Making citizens' initiative a simple and clear tool for EU democracy

The four rapporteurs who are drafting the report on the application and putting into practice of citizen initiative have presented their conclusions to the European Parliament  Constitutional Affairs Committee. Among the suggestions made by MEPs and debated within the Committee are the early check of initiatives the reduction of the number of Member States which should be represented as well as the requirement for ID identification of signatories.

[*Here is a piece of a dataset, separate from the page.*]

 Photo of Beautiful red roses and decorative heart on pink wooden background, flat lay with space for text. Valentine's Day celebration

After the introduction of citizen's initiative in the Lisbon Treaty as a way to enhance democracy and public participation in the shaping of EU policy, there are still some practical elements to be clarified in order to make this instrument fully operational. Although the Treaty gives the possibility for one million EU citizens to ask the European Commission to propose a new EU law, issues such as the eligibility of such proposals or the number of Member States to be represented are being addressed by a group of four rapporteurs representing the main political groups within the Chamber.

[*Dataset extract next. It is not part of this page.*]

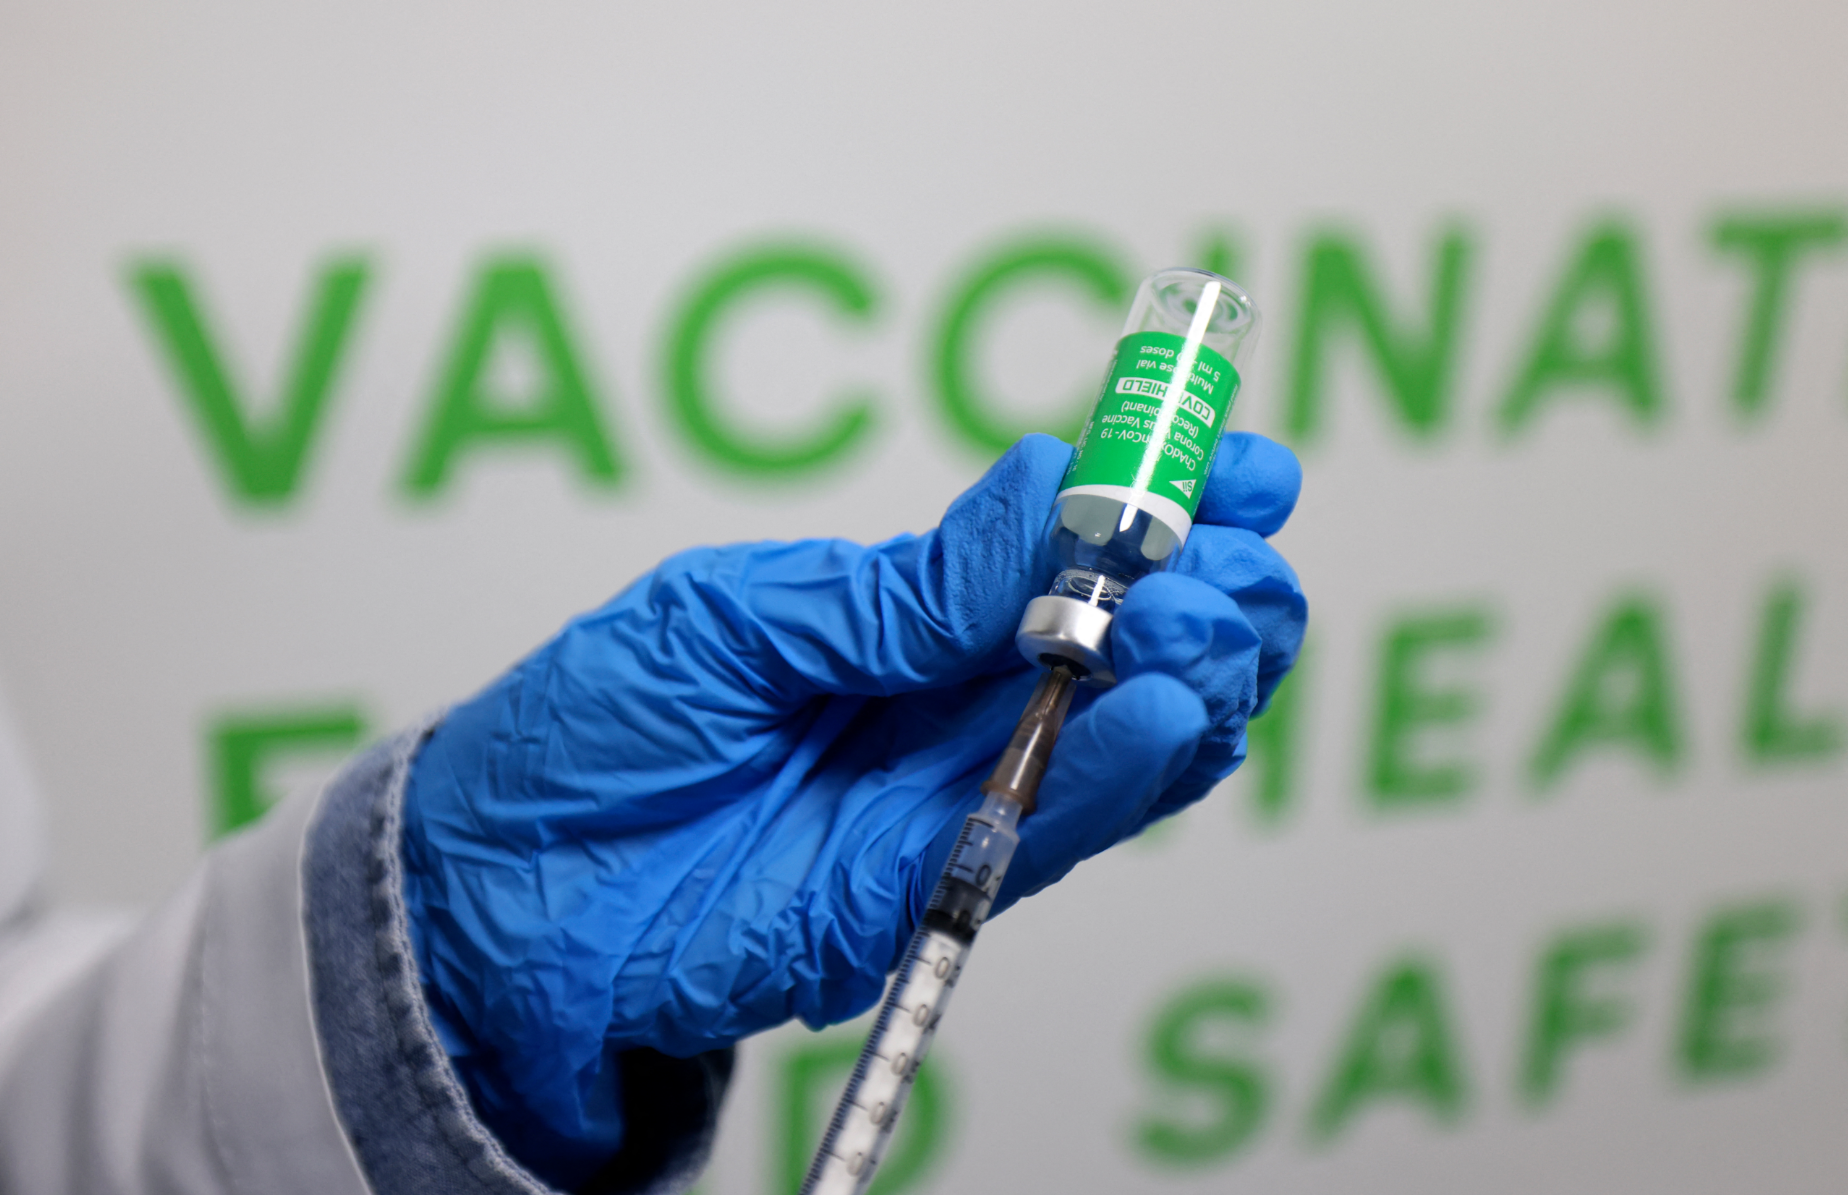 A health worker prepares an injection of the Oxford–AstraZeneca vaccine (Covishield) against the coronavirus at a vaccination centre set up at the Dubai International Financial Center in the Gulf emirate of Dubai, on February 3, 2021. (AFP)

Parliament stands for early admissibility check and fewer Member States represented

These rapporteurs suggest that, contrary to the Commission proposal of checking the admissibility of an initiative only after 300,000 signatures have been collected, the check should be done at the point of registration on the Commission website, as a way to guarantee that citizens do not end up signing initiatives that do not meet the criteria.

To ensure that the initiatives are serious in nature and have a European dimension, the draft report suggests a citizens' committee of at least seven members coming from seven Member States should be set up to register an initiative. Members of the Committee and representatives from the Commission also discussed over the criteria which should be applied in this admissibility test, further to the “European dimension” of the initiative.

The Lisbon Treaty also says about citizen's initiative that signatories have to come from a "significant number" of Member States. Commission and Council have stated that this figure should be one third of the Member States, while Parliament's rapporteurs argue one fifth is enough. This would bring the number down from nine to six countries.

The draft report aims also at simplifying the signing of initiatives by deleting the obligation to give an ID card number when signing. This suggestion was, however, contested by a Council representative who argued that Member States have to be able to verify the authenticity of the signatures.

Following the previous meeting of the Committee over citizen's initiative in October 2010 and after rapporteurs' report, the Constitutional Affairs Committee plans to vote on the report on the citizens' initiative at its next meeting to be held between 29 and 30 November. The plenary vote could then be held in December, and after that Member States have asked for 12 months for national implementation of the new legislation.